Diary of a Mad Black Woman

Kimberly Elise, Diary of a Mad Black Woman
Photo: Diary of a Mad Black Woman: Alfeo Dixon

The gonzo soap opera Diary of a Mad Black Woman is a bad movie so over-the-top that at moments it’s almost good — or, at least, more arresting than it has any right to be. At the beginning, Helen (Kimberly Elise), who is sprightly and angel-faced and has been married for 18 years, gets kicked out of her home in the Atlanta suburbs. To state that basic fact doesn’t begin to describe the deranged spectacle of the event. The house is no mere house: It’s a stone mansion bigger than Wayne Manor or Gosford Park. That house is the film’s way of saying, This is not your father’s movin’-on-up assimilation daydream. You’d imagine the lord of the manor might be some sort of multinational CEO, but no: Charles McCarter (Steve Harris), Helen’s husband, is merely an attorney, albeit a very prominent one. He is also a rat bastard, a heartless and conniving philanderer who has two children with his mistress (Lisa Marcos). After informing Helen that their marriage is over, he hits the point home by literally dragging her out the door, as the (notably light-skinned) bitch-mistress looks on. At least one thing is wrong with this picture: If Charles is supposed to be such a poshly pretentious, imperiously self-interested customer, it seems highly unlikely that he’d go out of his way to make a scene in which he behaves like a low-dog pimp. Yet that’s all part of the shameless trash-fantasy broadness that gives Diary of a Mad Black Woman its crudely rousing tent-show juice. The film, directed by music-video vet Darren Grant, was written by Tyler Perry, a playwright and burlesque character actor who’s developed a major following on stage (he plays three roles in the film), and he pumps his clichés so full of hot air that they stay aloft even as you’re laughing at their brazenness.

Tossed out on her own, without a penny of Charles’ fortune (she had signed a prenup), Helen is like the heroine of An Unmarried Woman abandoned into a world of pulp retribution and princess romance. Charles, you’d better believe, gets exactly what’s coming to him, but Helen also meets a too-good-to-be-true suitor, a steel-factory worker named Orlando (Shemar Moore) who, with his cornrows and soft manner, is like a hip-hop Ken doll. (He actually says, ”I want to be your knight in shining armor.”) Kimberly Elise, who has been featured in such films as The Manchurian Candidate and Beloved and was the star of Woman Thou Art Loosed (which was earlier a play by Perry), has a face that’s all sexy, winsome curlicues. She’s as beautiful as Michelle Pfeiffer, and she’s got range: She can glow adoringly one moment and rage, with a dash of hellfire, the next. Aiding Helen at every turn is Madea, her rascally, big-bottomed, gun-totin’ ancient giantess of a grandma — played, by Perry himself, in a drag act that would look even more outrageous if Eddie Murphy and Martin Lawrence hadn’t gotten there first.

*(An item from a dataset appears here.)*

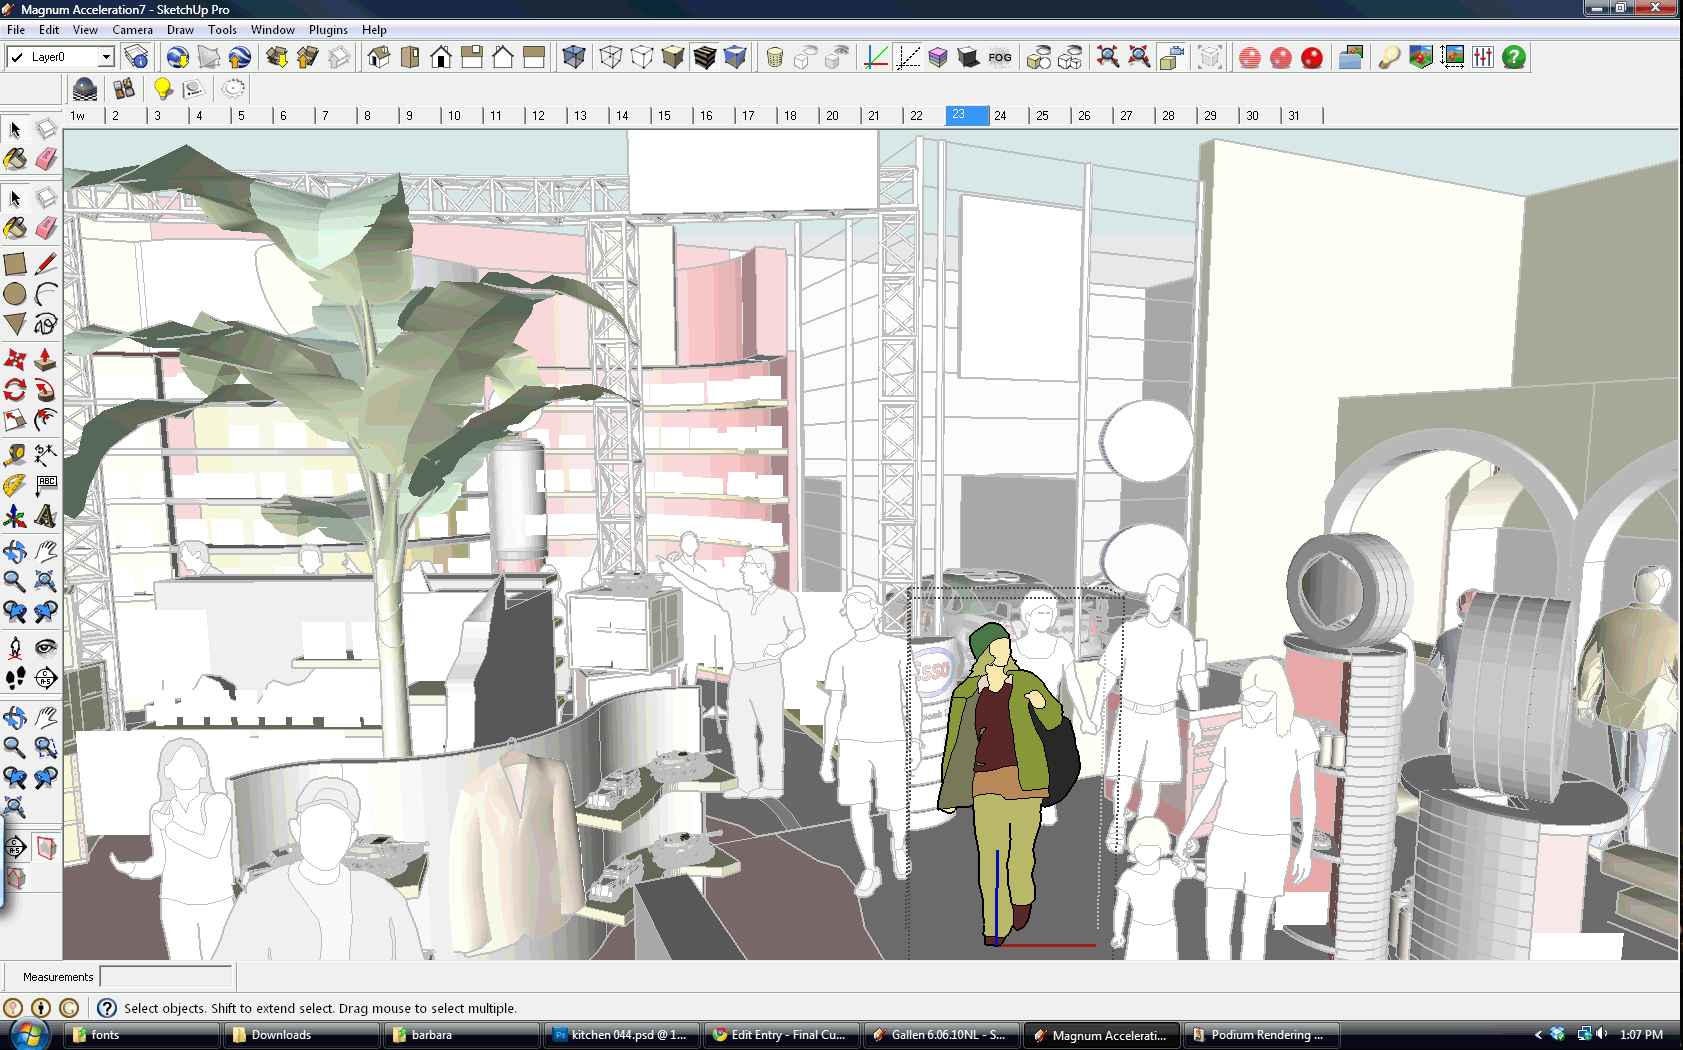 sketchup produces bug splat all the time

Madea, who is Perry’s most popular stage character, schools Helen in the art of payback, as in the scene where they rip up the mistress’ clothes. ”This is for every black woman who ever had a problem with a black man!” whoops Madea, and she might be speaking for the entire film, which is presented as a kind of passion play for black women. Helen, the saintly housewife scorned, never transcends being an archetype, yet she’s offered up as a soulful super-martyr for every sister in the audience to project onto. She’s a walking one-woman Waiting to Exhale, and Diary could end up rousing its audience in a similar way.

One of the most insidious lies in Hollywood is that its decision makers don’t care about black or white — that the only color that matters to them is green. This has always been a fashionably cynical way of explaining why there aren’t more black films, yet what it does, in effect, is to blame African-American audiences for the racial blinders of the film industry. Where were all the black chick flicks that were supposed to follow the success of Waiting to Exhale? (There was How Stella Got Her Groove Back and then…not much.) If Hollywood were doing its job, there’d be no need for — or defense of — a movie as outsize in its melodrama as Diary of a Mad Black Woman, yet it’s Tyler Perry’s belief that he isn’t just telling a story, he’s telling the story, that kept me watching. The climactic gospel number, ”I Want to Be Free,” seems to let loose all the pent-up emotion of the characters’ trials and dreams. Diary is a crock, all right, but a crock made with conviction.